- Task item
Return the listing below unchanged, except that the pictures are dropped.

- Given material
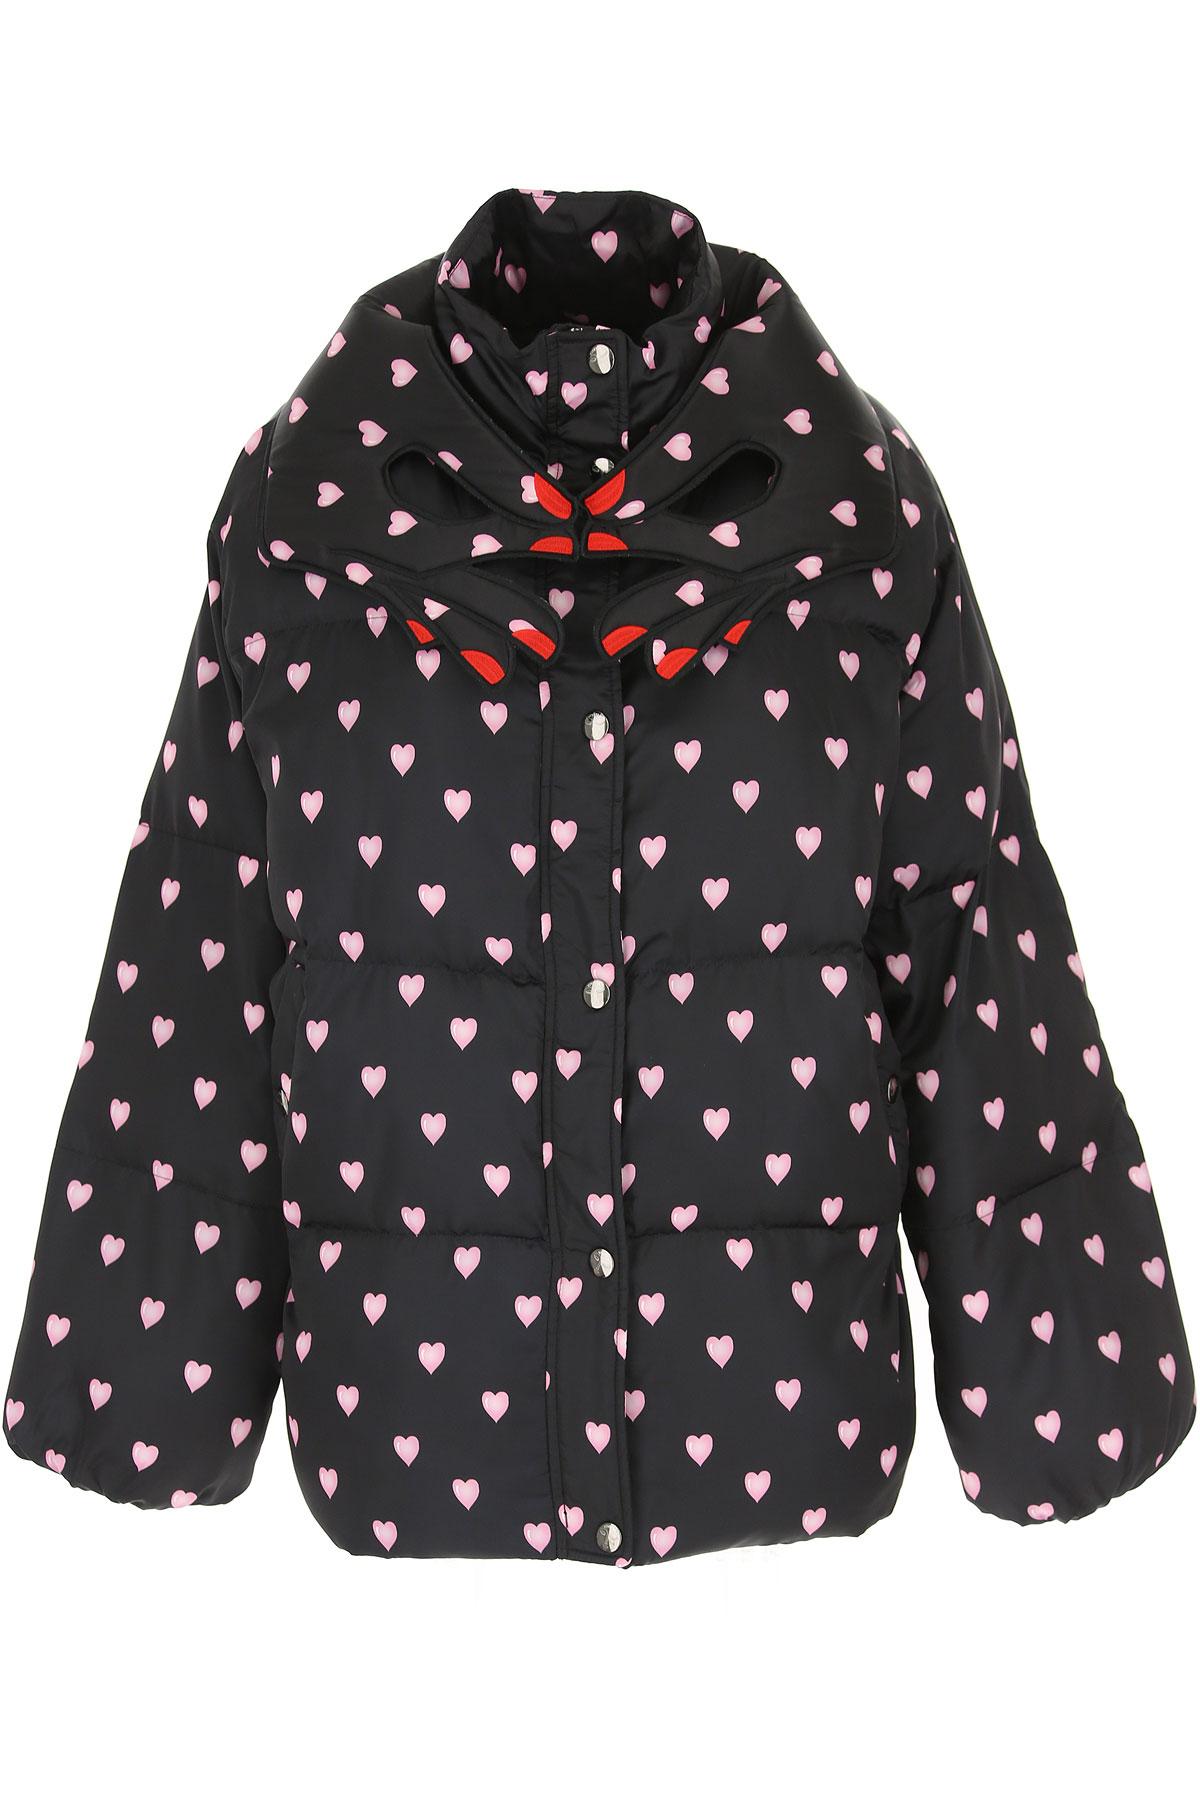 Image of Vivetta Down Jacket for Women, Puffer Ski Jacket, Black, polyester, 2017, 2 4 6
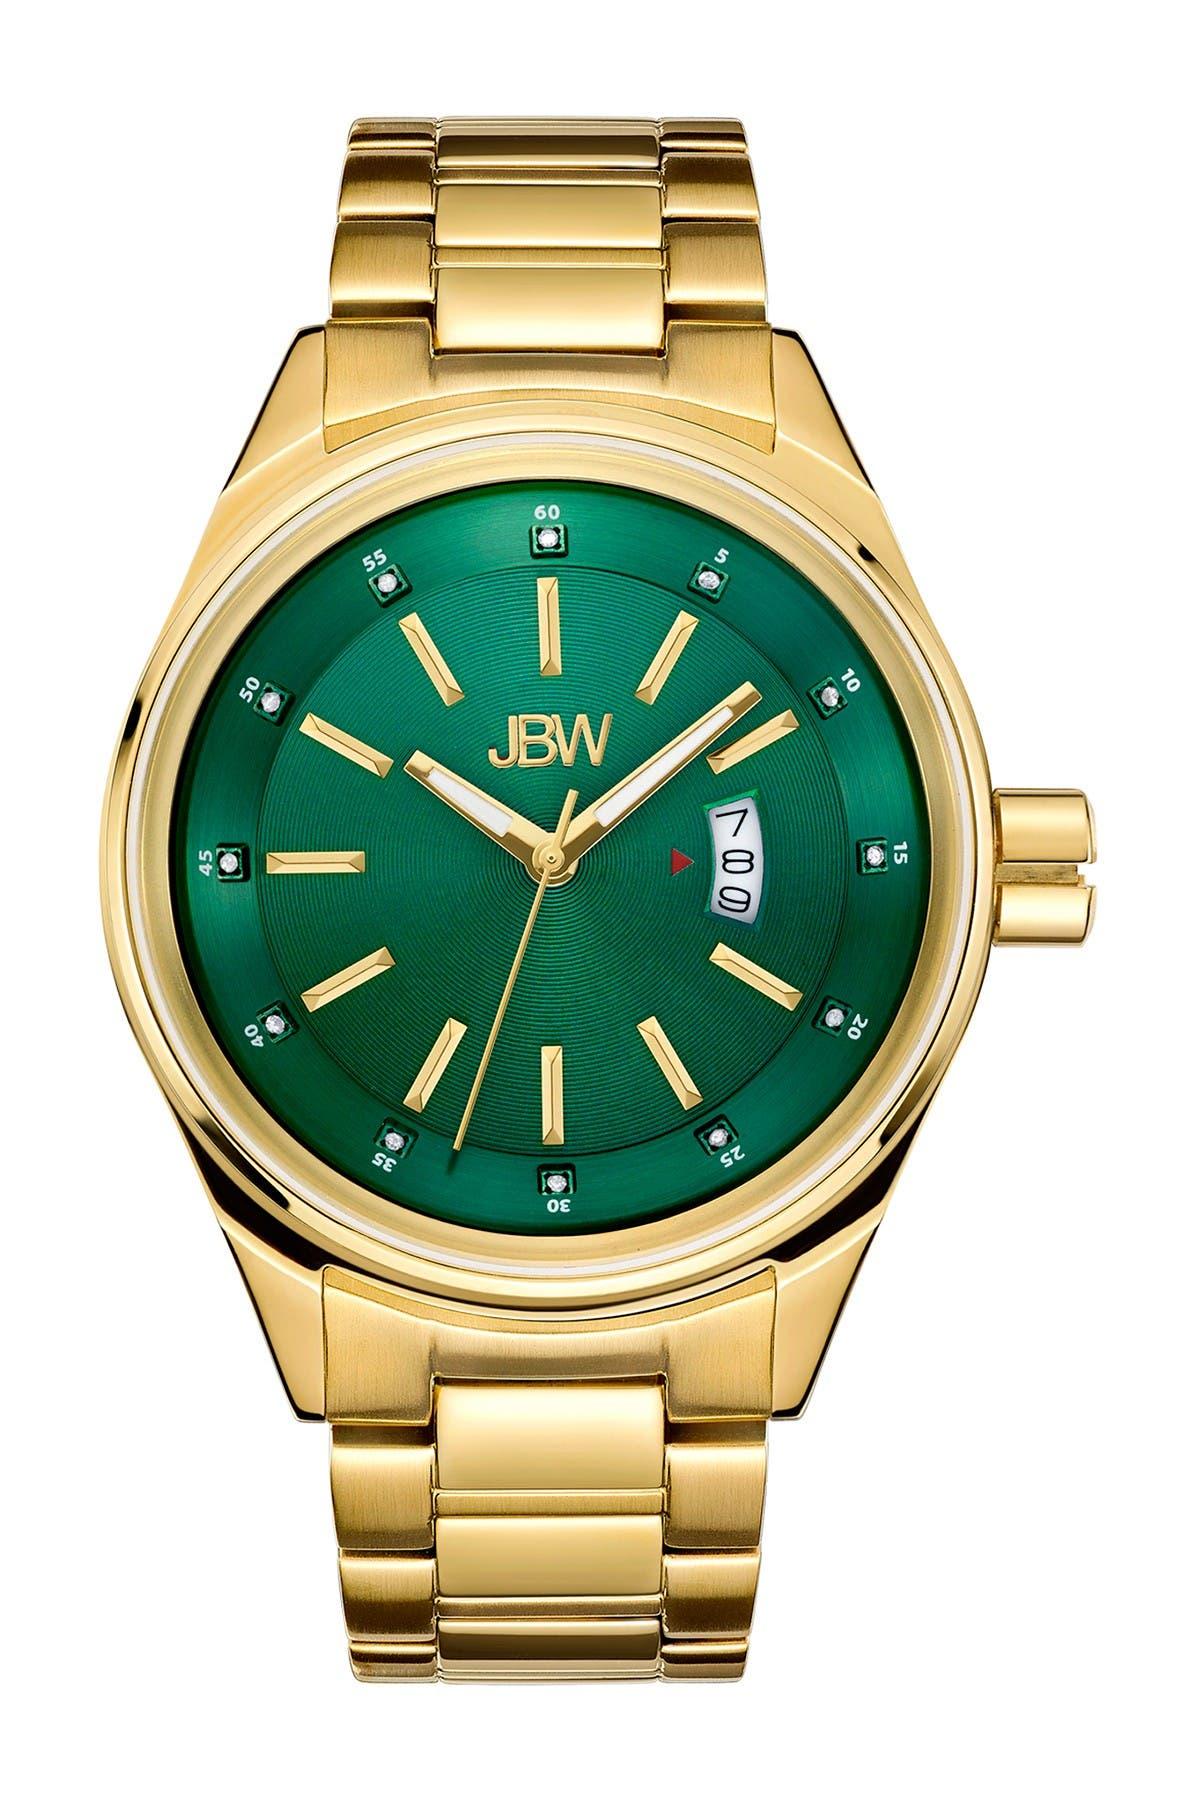 Image of JBW Men's Rook Diamond Watch, 46mm - 0.12 ctw
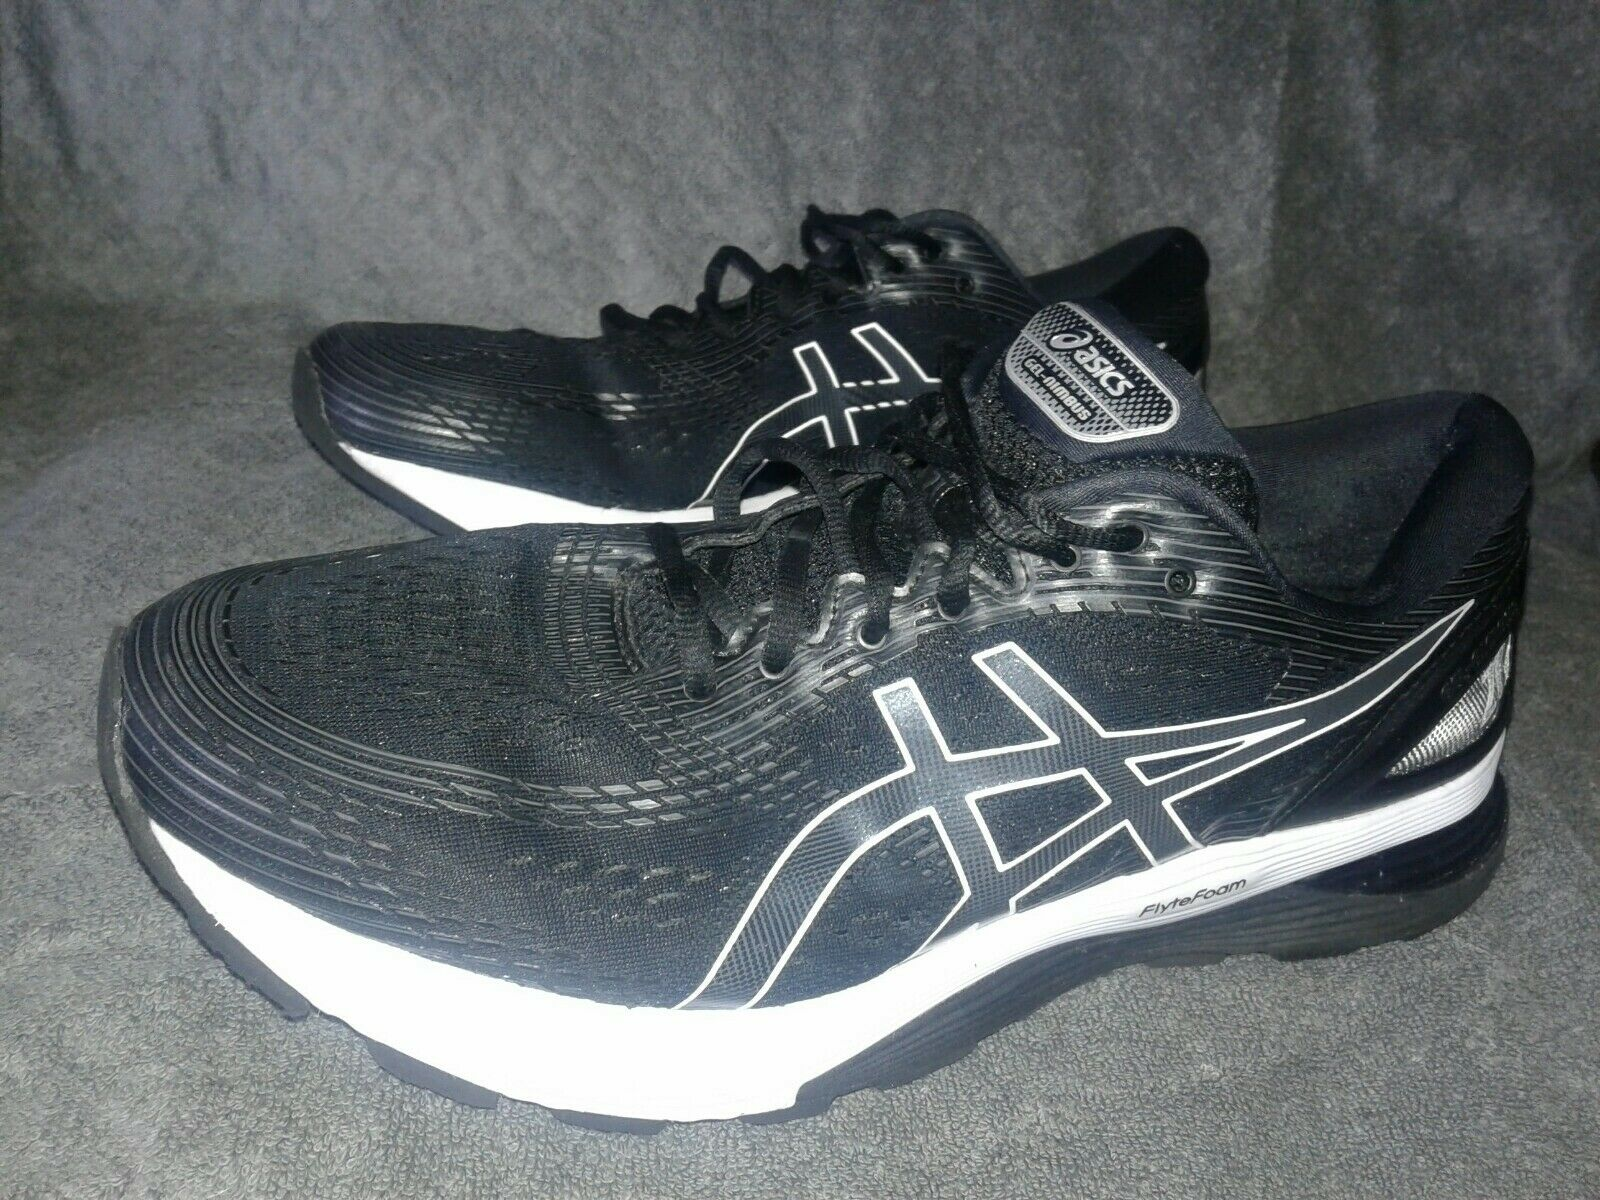 Mens Asics Nimbus 21 Size 12.5 Wide Running Walking Training

- Your solution
 Image of Vivetta Down Jacket for Women, Puffer Ski Jacket, Black, polyester, 2017, 2 4 6
 Image of JBW Men's Rook Diamond Watch, 46mm - 0.12 ctw
 Mens Asics Nimbus 21 Size 12.5 Wide Running Walking Training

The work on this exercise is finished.